One class support vector machine (OCSVM)

is particularly useful in scenarios where there is a lot of “normal” data and not many cases of the anomalies that need detecting. For example, if a bank needed to detect fraudulent transactions, it may not have many instances of fraud that it could use to train a typical classification model; it might have many cases of good transactions.

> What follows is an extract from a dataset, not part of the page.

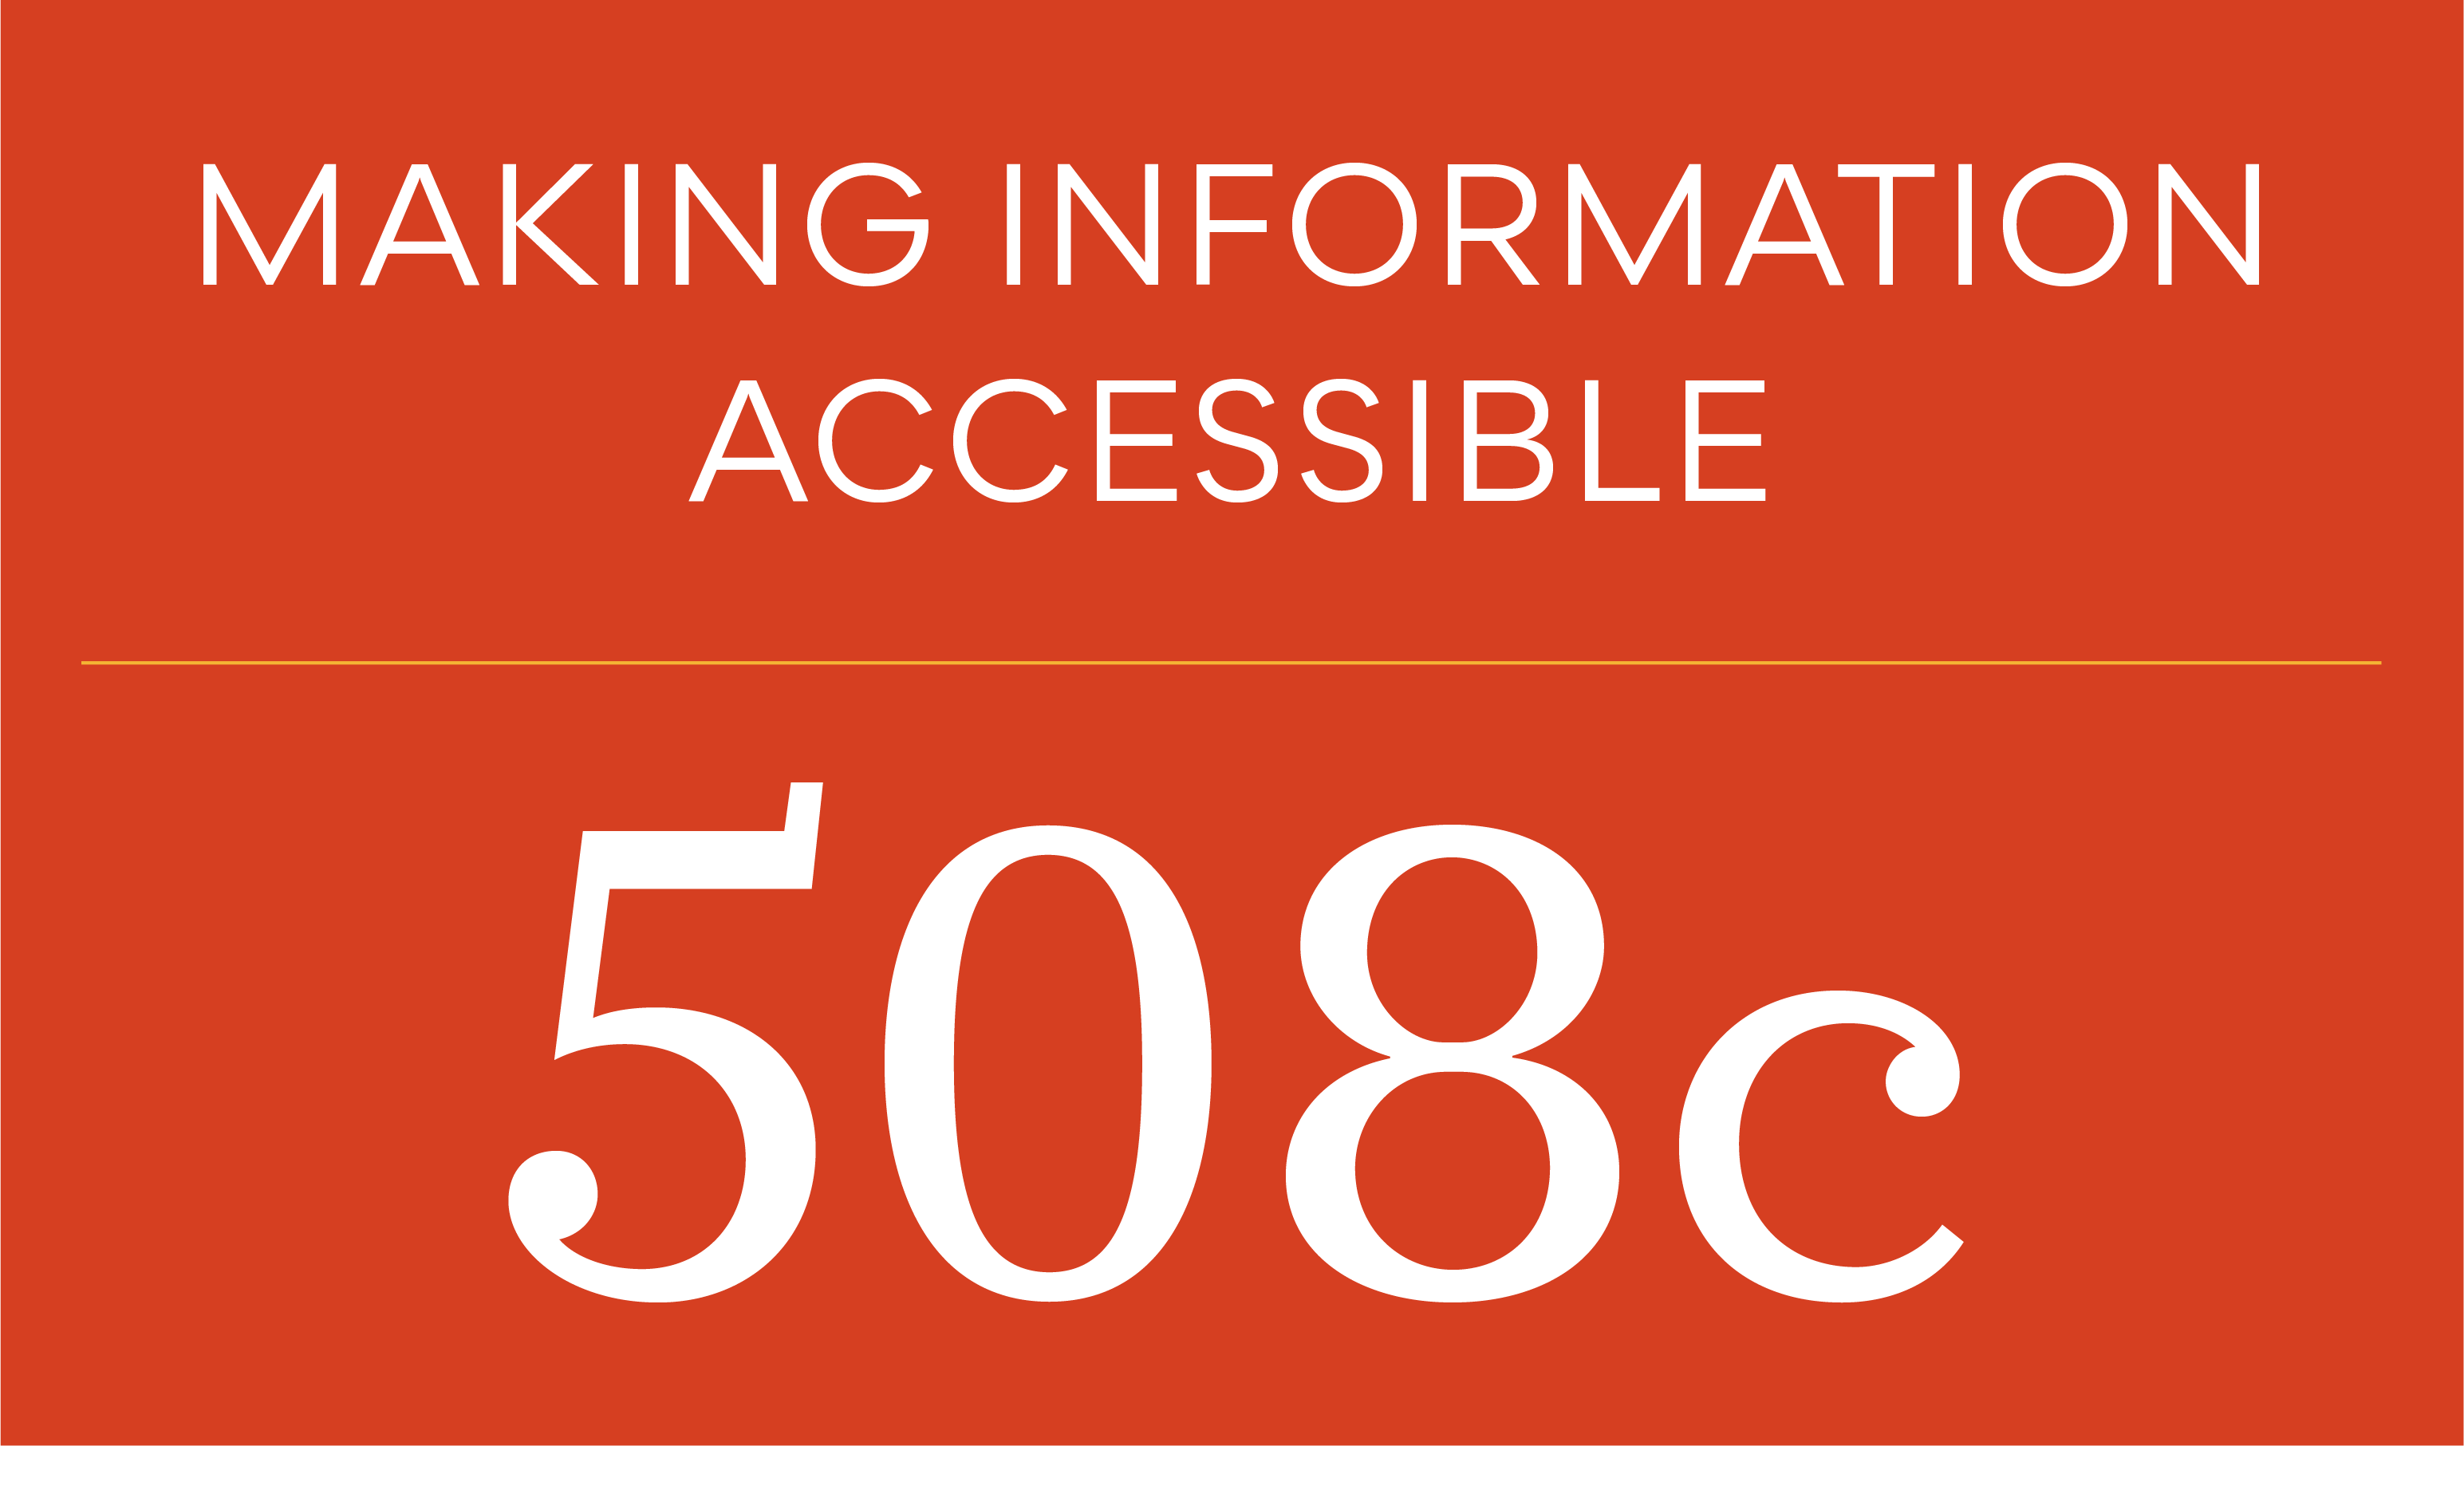 Banner that says 508c: Making Information Accessible
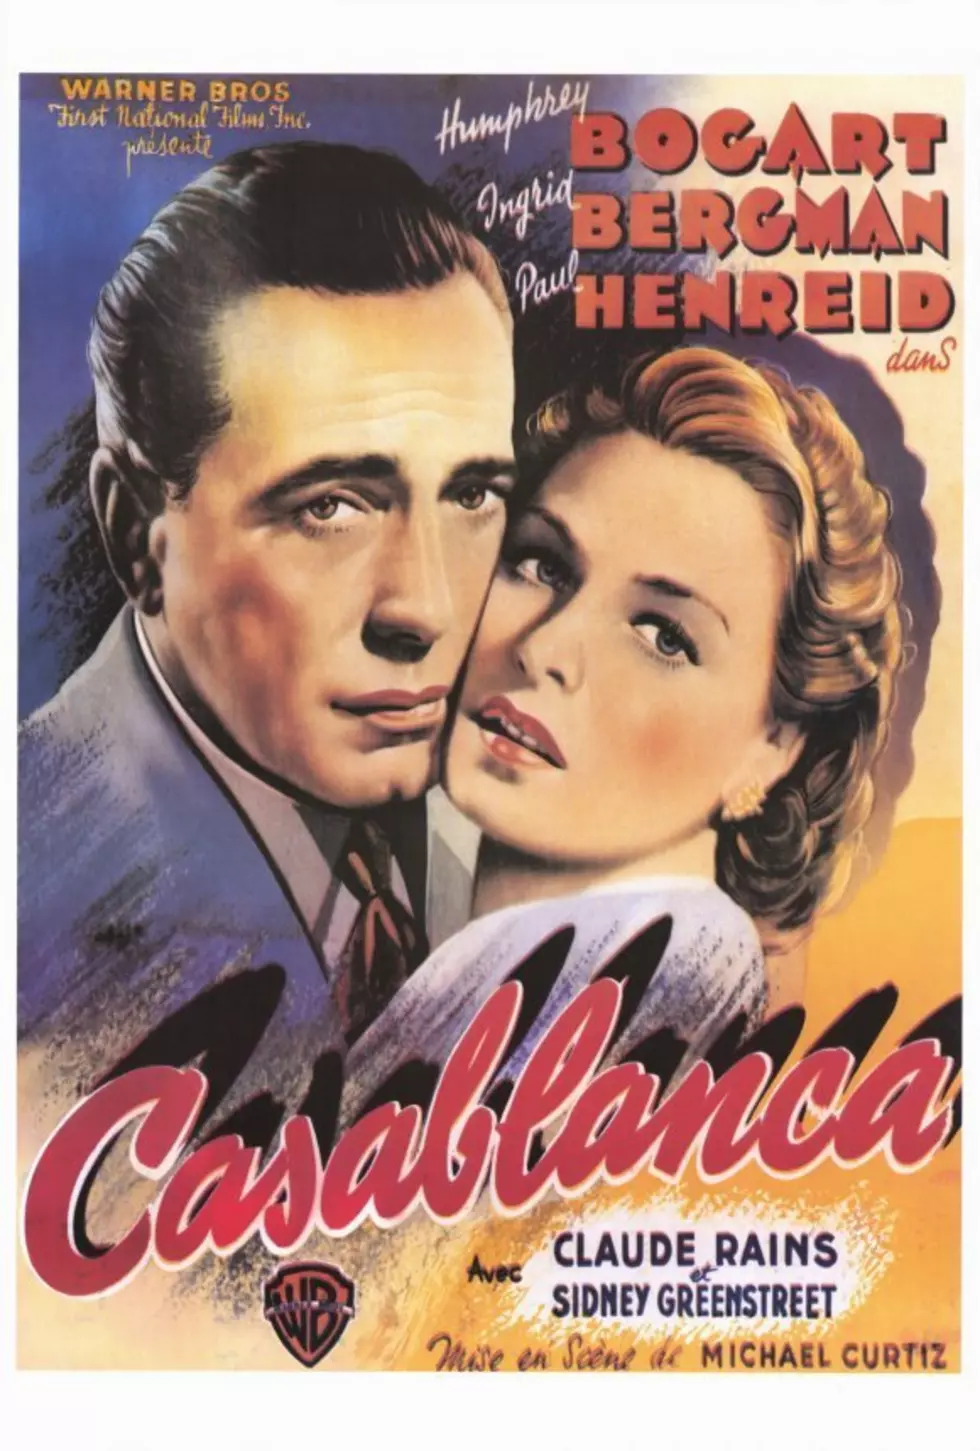 &#8220;Casablanca&#8221; To Be Seen In An Oneonta Theatre First Time In 70 Years!

Data scientists us the One-Class Support Vector Model module to create the model and then train the model. The dataset they use for training can contain all or mostly normal cases. They can then apply different metrics to identify potential anomalies. For example, they might use a large dataset of good transactions to identify cases that possibly represent fraudulent transactions.

Physics-based modeling

or simulation tools allow developers to not only predict what will happen but why it will happen, unlike building an actual prototype. This approach offers the insights developers need to make the correct choices. In other words, simulation can help them choose between good ideas and bad ones. Implementing a digital twin for an asset requires a solution, to begin with, the asset’s physics-based model. This approach allows the twin to simulate the product’s field performance in real-time using the same sensor information that the physical asset is experiencing. This real-time simulation with real-world data can enable real-time analytics, delivering better business outcomes through efficiency gains and reduction in unplanned downtime.

Support vector machines (SVMs)

are supervised learning models that analyze data and recognize patterns. Data scientists use them for both classification and regression tasks. Typically, the data scientist gives the SVM algorithm is a set of training examples labeled as belonging to one of two classes. The basis of the SVM model is to divide the training sample points into separate categories by as wide a gap as possible while penalizing training samples that fall on the wrong side of the difference. The SVM model then makes predictions by assigning points to one side of the difference or the other.

Sometimes data scientists use oversampling to replicate the existing samples so they can create a two-class model. But, it is impossible to predict all the new patterns of fraud or system faults from limited examples. Therefore, in one-class SVM, the support vector model is trained on data that has only one class, which is the “normal” class. It infers the properties of normal cases and from these properties can predict which examples are unlike the normal examples. This technique is useful for anomaly detection because the scarcity of training examples is what defines anomalies: that is, typically, there are very few examples of the network intrusion, fraud, or other anomalous behavior.